A Budget seldom betrays its true story on the day of publication, and this year’s is proving to be no exception. Two days on, George Osborne’s Budget seems to be unravelling at both ends – with the right attacking the overall fiscal position, whilst the left within the Conservative Party are increasingly alarmed by the severity of cuts to benefits for the disabled.

On the fiscal position, the Chancellor was open in his speech that the deficit had risen in the last year but still stuck to his commitment to eradicate it before the end of the Parliament. A closer reading of the Red Book shows that a high proportion of that fiscal tightening is all to fall in the final year of the Parliament, and that the smallest fall in future growth would turn the planned surplus into a continuing deficit. And even the Office for Budget Responsibility stated that the chances of the Chancellor getting to surplus by 2020 were 55-45, not much better than a coin toss.

We’ve written before in TWFW about the persuasive theory that whoever wins the Conservative leadership election will abandon the Fixed Term Parliaments Act and go to the country in 2018 or 2019, and these Budget figures make that idea even more compelling. Governments usually ease the purse strings the year before an election, and tighten them the year after. To implement spending cuts and tax rises in 2019, 12 months before polling day is unimaginable, unless of course the 2019 Budget is a post-election one, not a pre-election one. Then it makes perfect sense.

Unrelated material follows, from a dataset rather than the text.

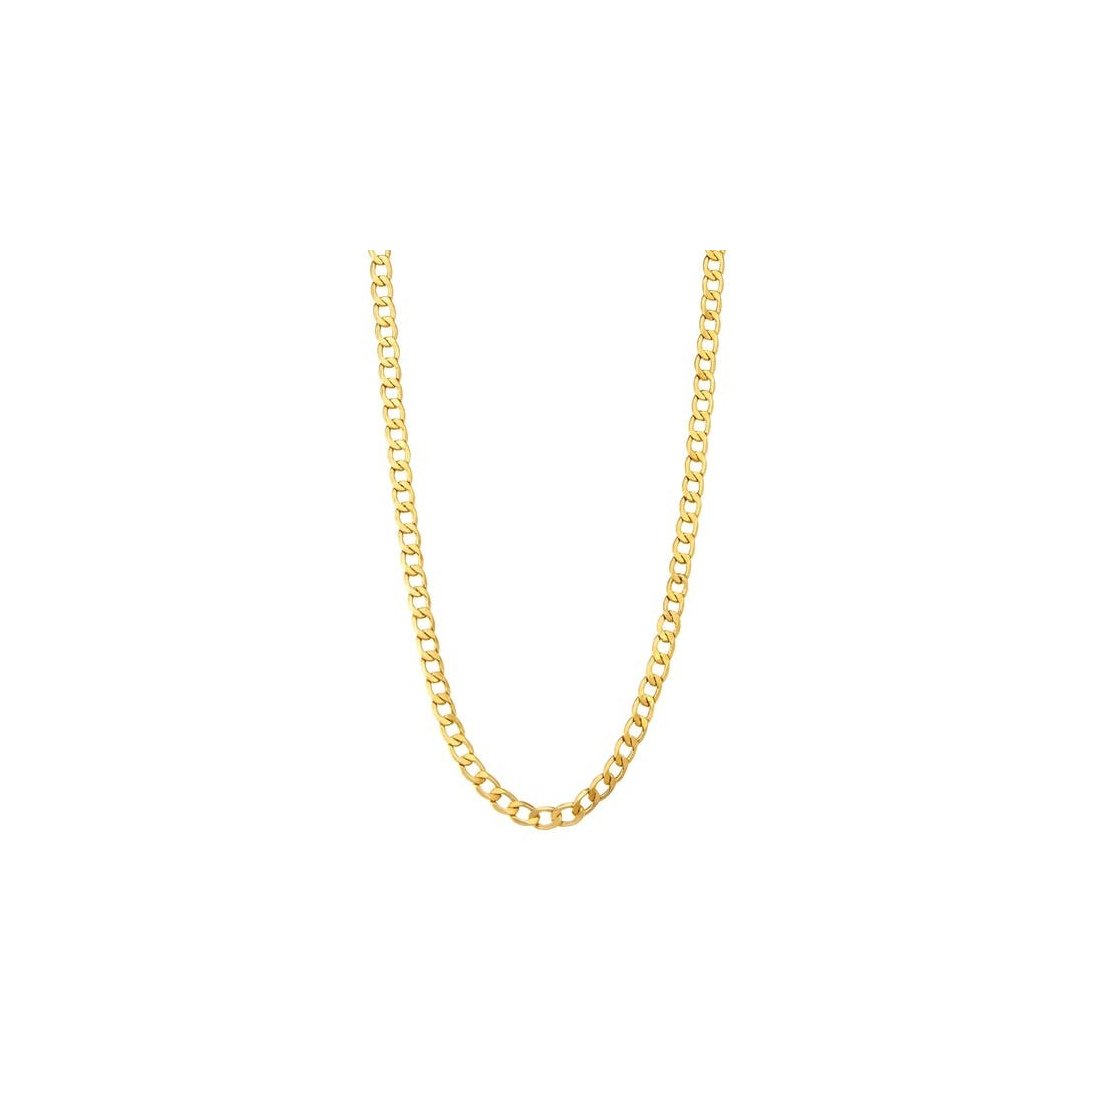 4MM 100 Yellow Gold Curb Chain .925 Sterling Silver "22-28"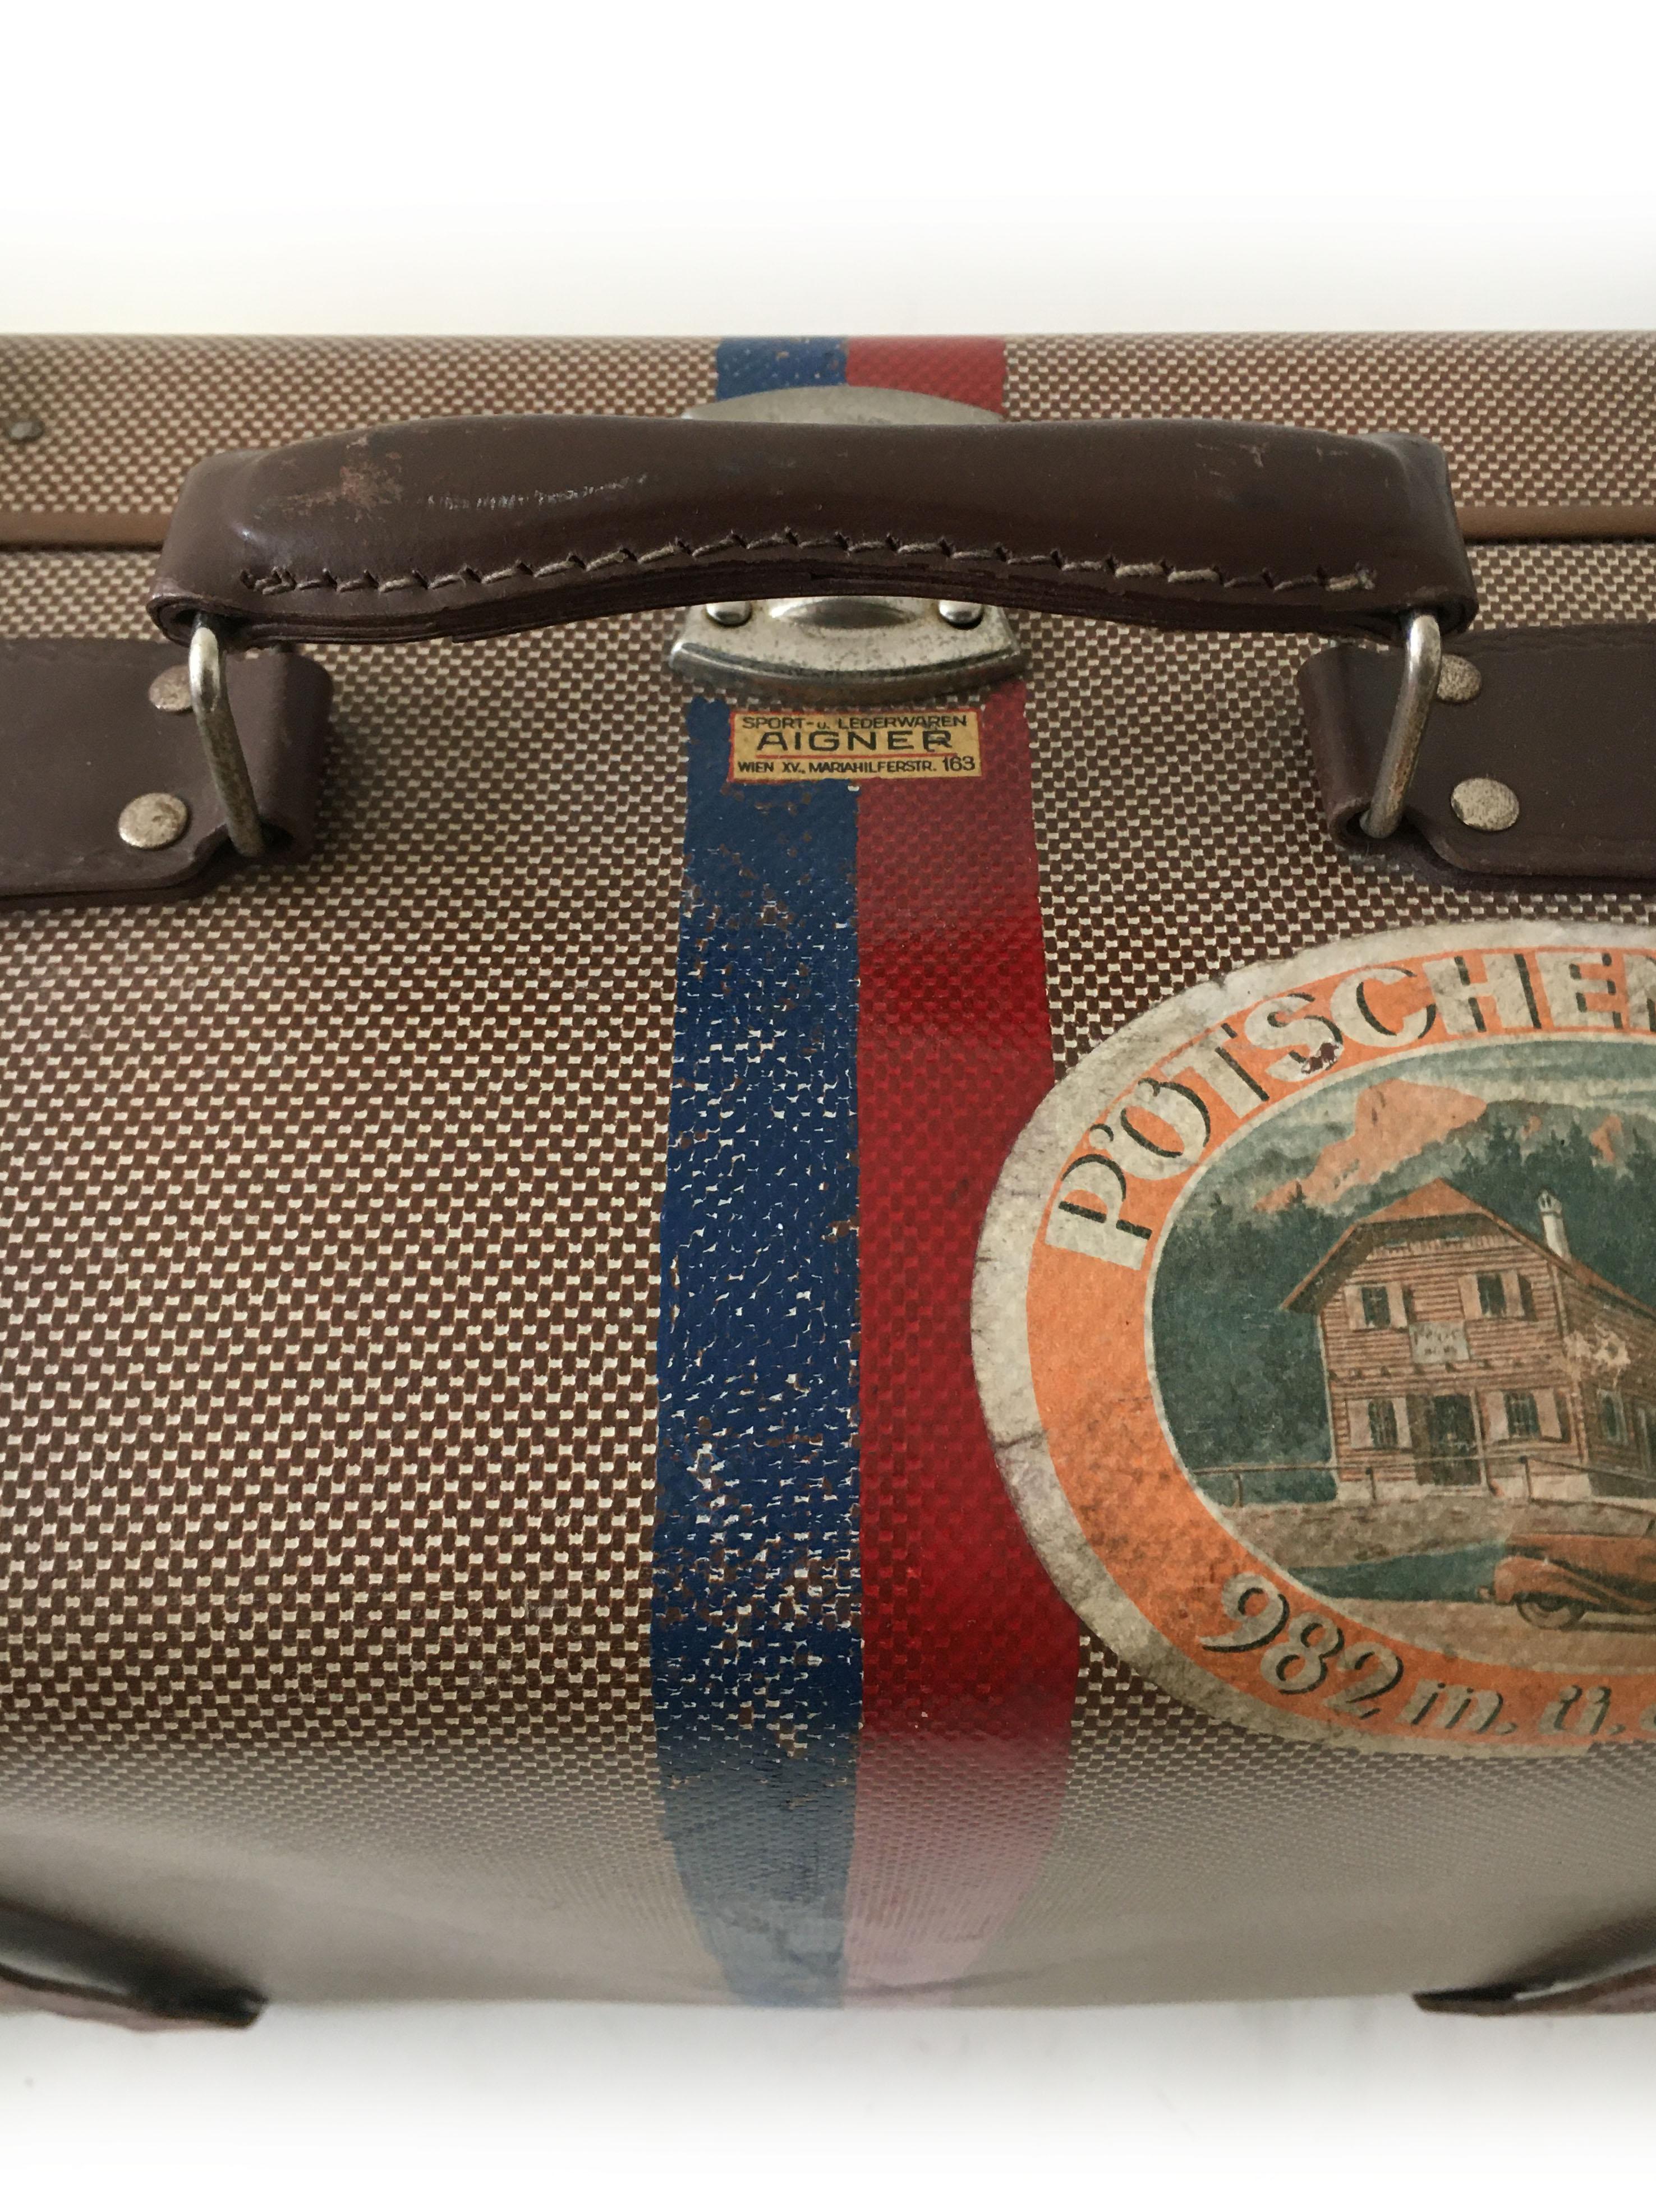 Adler Koffer Luggage with Painted Coat of Arms, Crest of Trieste, Austria 1930s 1

Of more immediate concern to George Osborne though is the reaction to his plans to cut Personal Independence Payments to people with disabilities. The plans echo his failed efforts to cut tax credits, and you do not have to look far in the Conservative Party to find someone uncomfortable with the idea that the Budget cut Income Tax, Capital Gains Tax and Corporation Tax, whilst simultaneously hitting the disabled with a whopping £4.4bn cut in their income. Already the Chancellor is hinting that the plans could be subject to future review, although of course any relaxing of the plans would only worsen the overall fiscal position.

Any Chancellor would probably have found this year’s Budget a hard one, but it does increasingly look like George Osborne is in a particularly sticky situation between the proverbial rock and the proverbial hard place. He’s famed as a great political tactician, and he’s got out of similar scrapes in the past. He’ll need all his famed political skills to do so again.